The Countess grew pale to the very lips. "Oh, God!" she shrieked; "where is he? where is he?" And she would have rushed down the staircase, but the Freiherr detained her. "He is not yet here,--he is coming. One of his huntsmen brought us the news."

"He is coming?" she cried; "he is only wounded,--he must be only wounded?"

"He is seriously injured, very seriously," said the Freiherr. "I fear we must be prepared for everything,--even for the worst!"

The Countess stared at him with eyes wide with horror; her lips twitched convulsively, as though unable to utter the terrible word written so plainly in the Freiherr's face,--uttered so distinctly in this fearful silence, which was interrupted only by the sounds of suppressed sobs from the group of servants in the hall below.
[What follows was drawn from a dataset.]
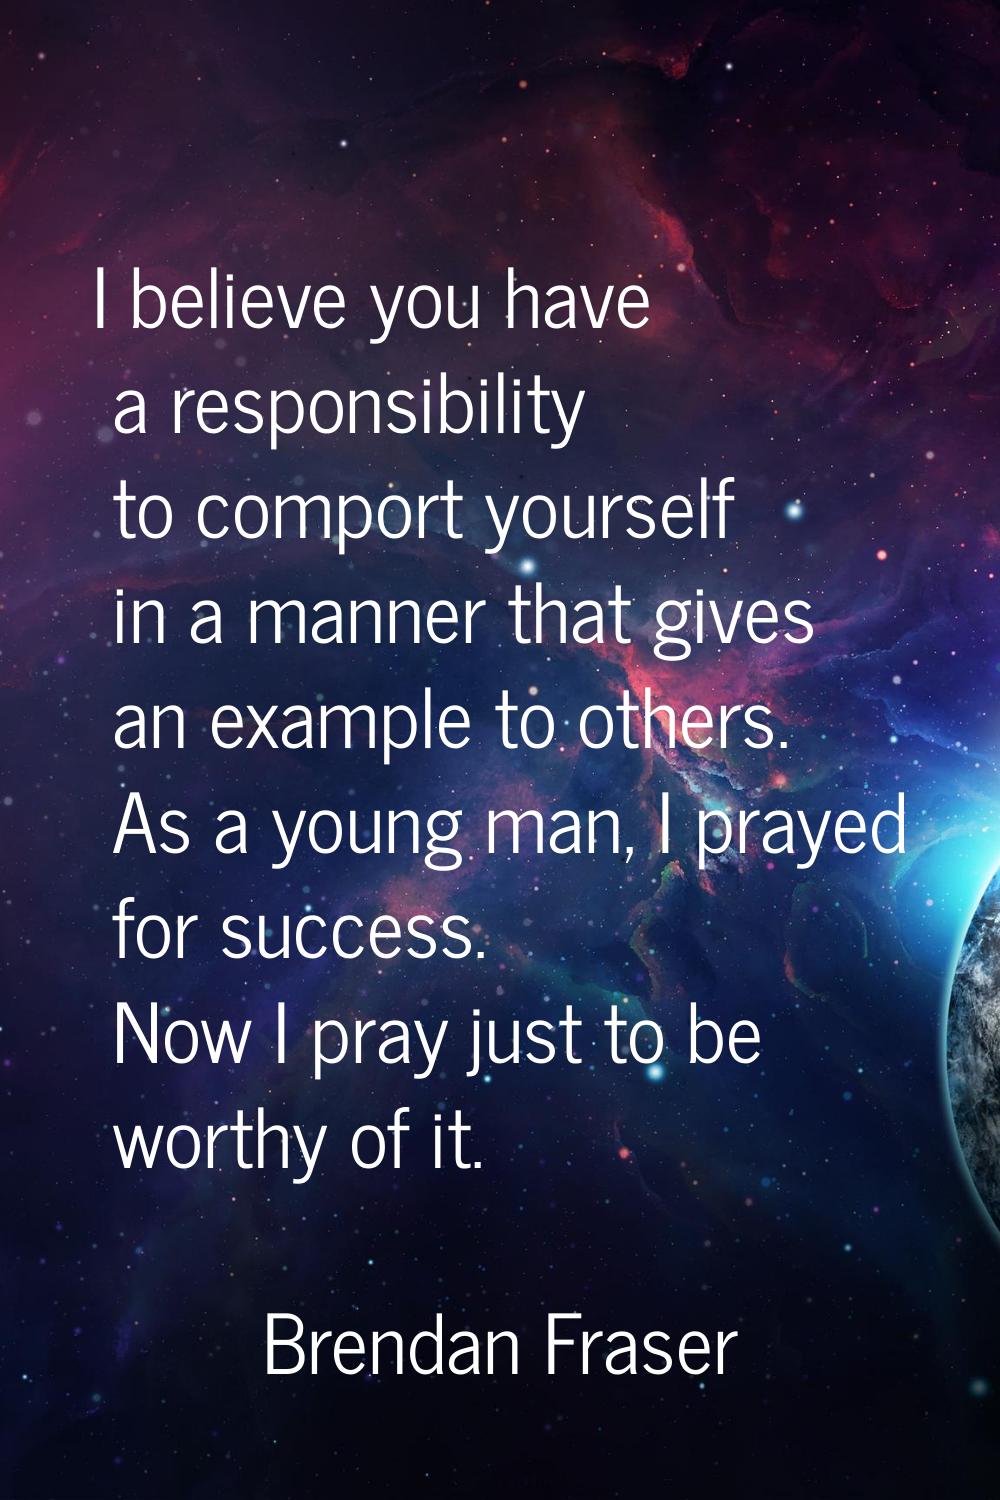 I believe you have a responsibility to comport yourself in a manner that gives an example to others
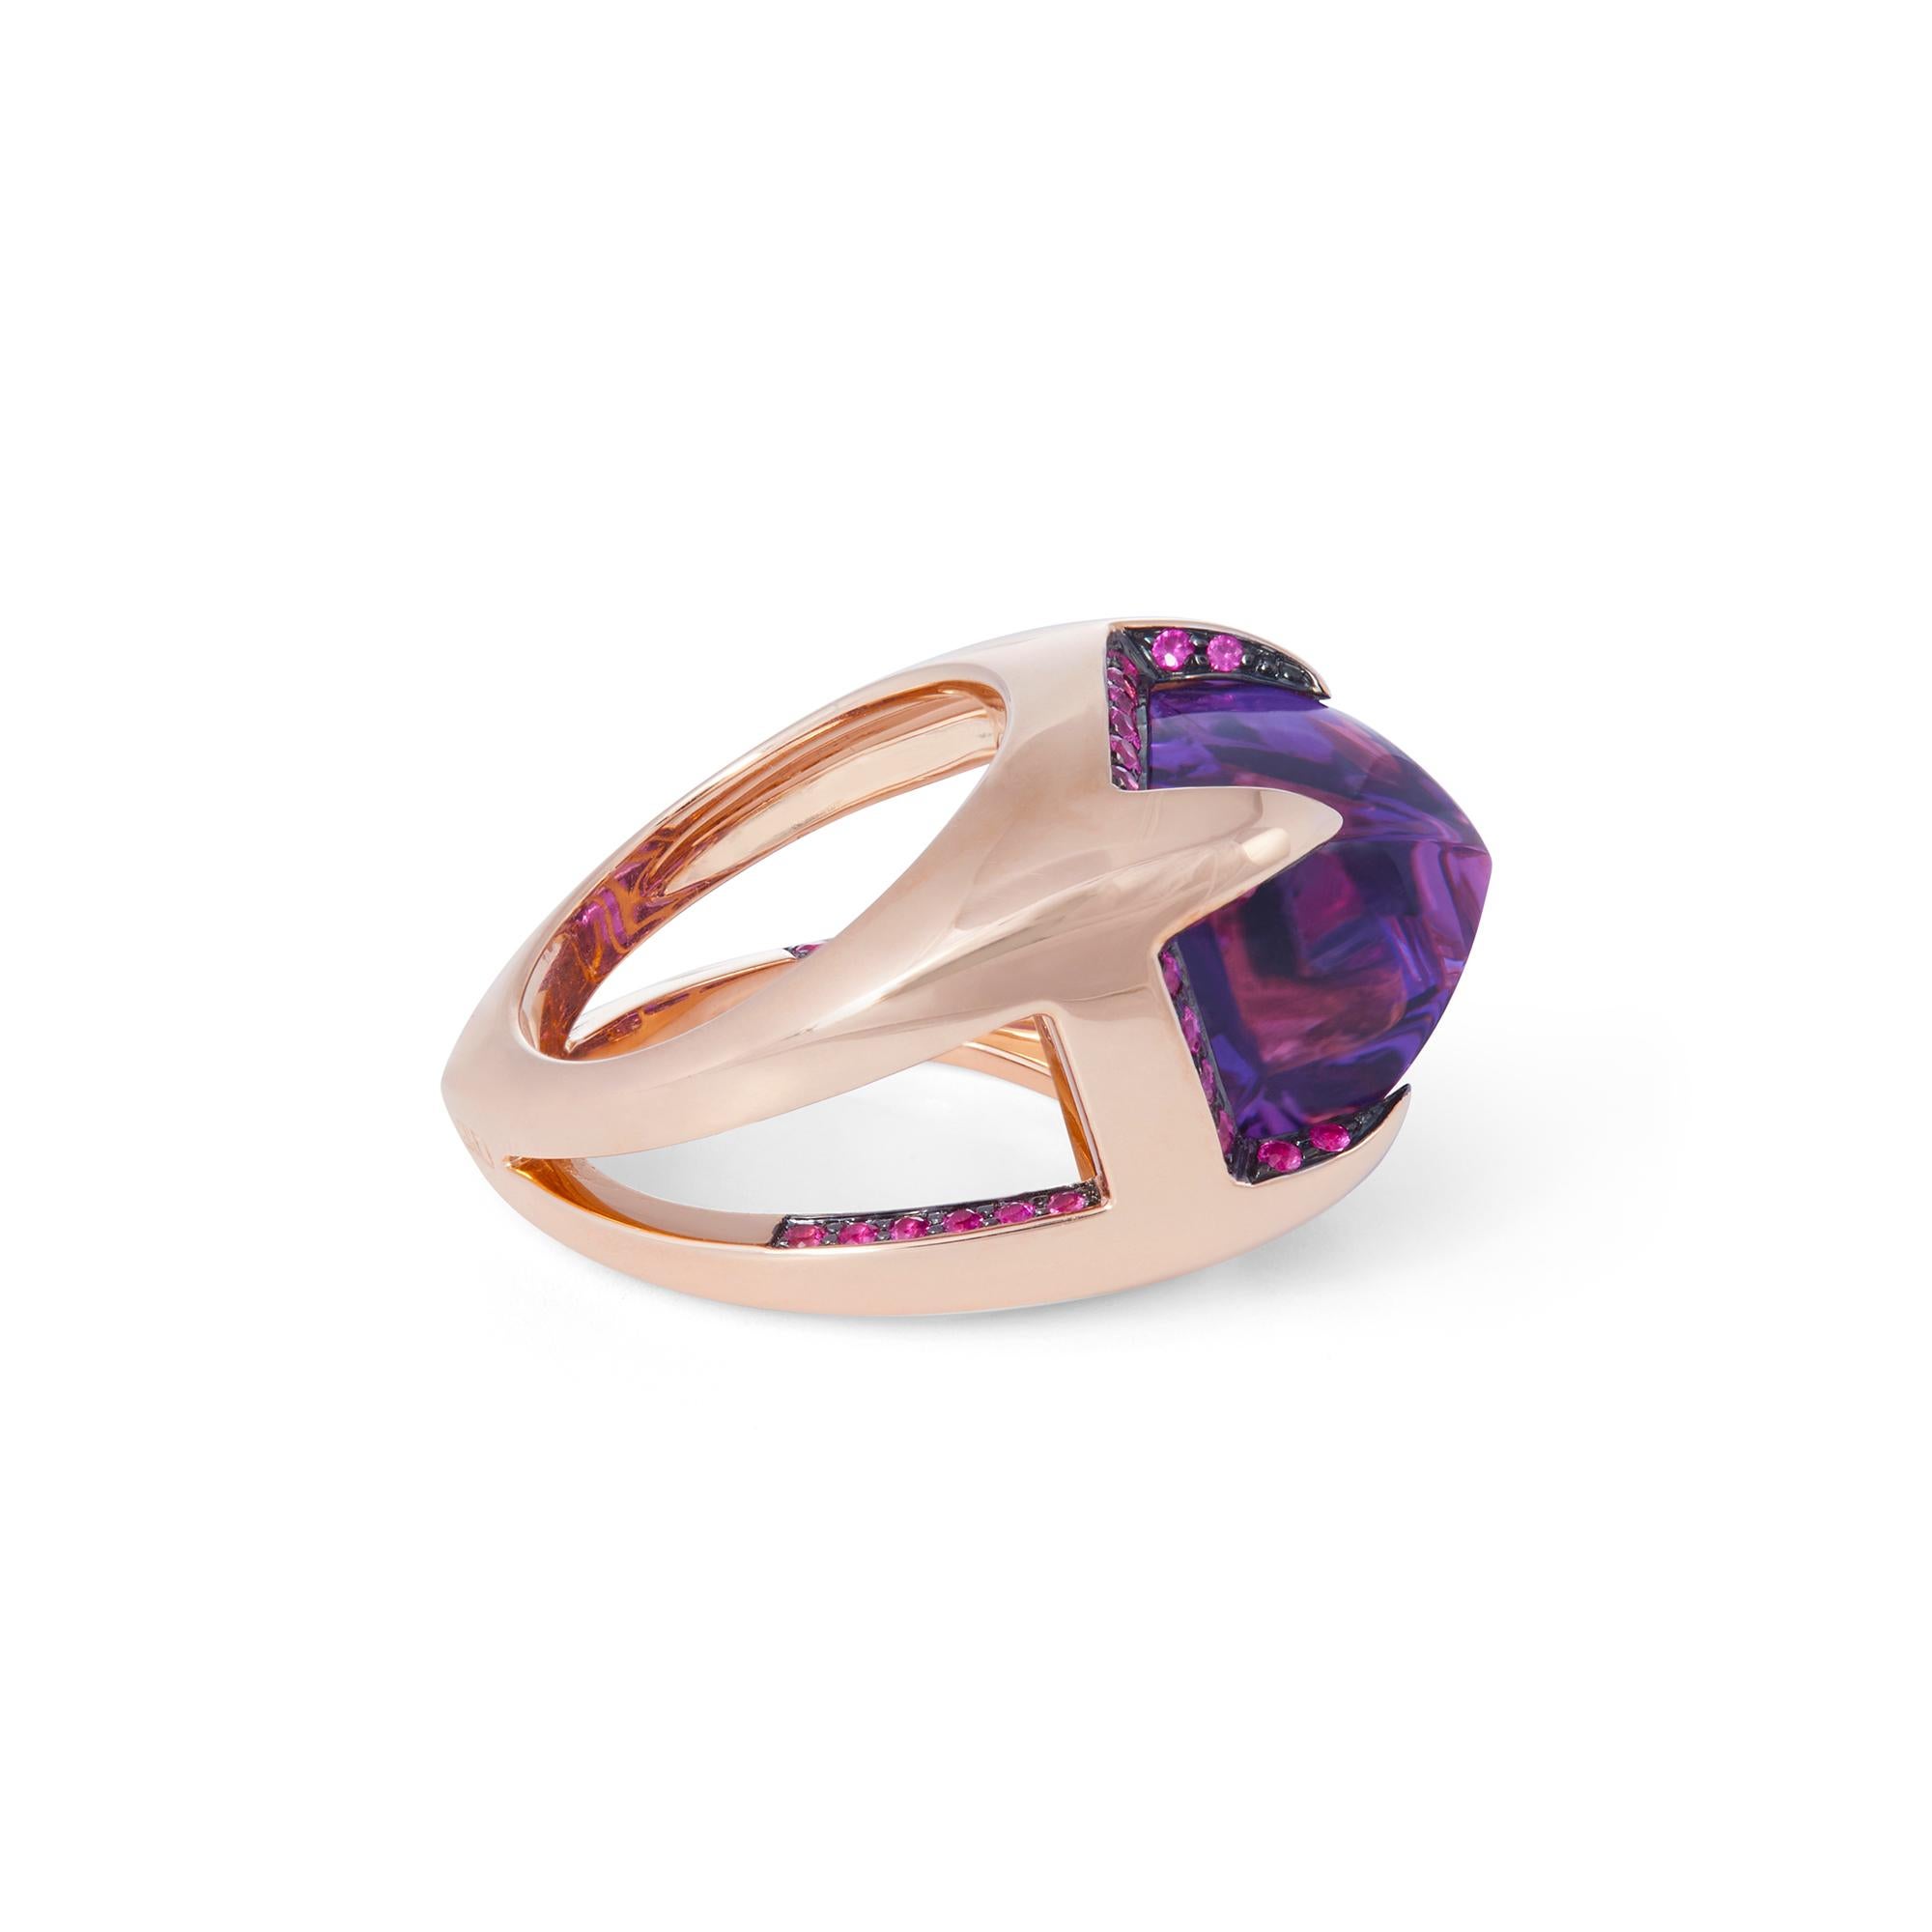 Sugarloaf Cabochon Sugarloaf Amethyst and Pink Sapphire Cocktail Ring

Suddenly she threw up her arms. "Dead!" she shrieked, "dead!"

The word was spoken, and she fell back senseless into the Baron's arms.

At that moment a vehicle drew up in the castle court-yard, and the Count, surrounded by his huntsmen, and a few others whom the accident had called together, was slowly carried up the terrace steps. They bore him into the castle through the same portal which he had left lusty and joyous only a few hours before, never to behold it again.

With drooping tail, and now and then uttering a melancholy whine, his favourite hound followed his master's body; he had long been the faithful companion of his sport. And in the wagon that had brought his master home dead lay the gun, which all shunned to touch, for it had caused all this woe, by its accidental discharge as the Count was leaping a ditch in the ardour of the chase.

A few hours later, mounted horsemen rode out into the night, and telegraphs and letters spread the news of the Count's sudden death far and wide.

In the big drawing-room heavy silver candelabra, with their myriad candles, are burning at the head of the couch where Count Eichhof is lying sunk in his last sleep. His head is turned slightly to one side, so as entirely to conceal the fatal wound in the right temple, and the smile that the excitement of the hunt had called to his face still lingers there.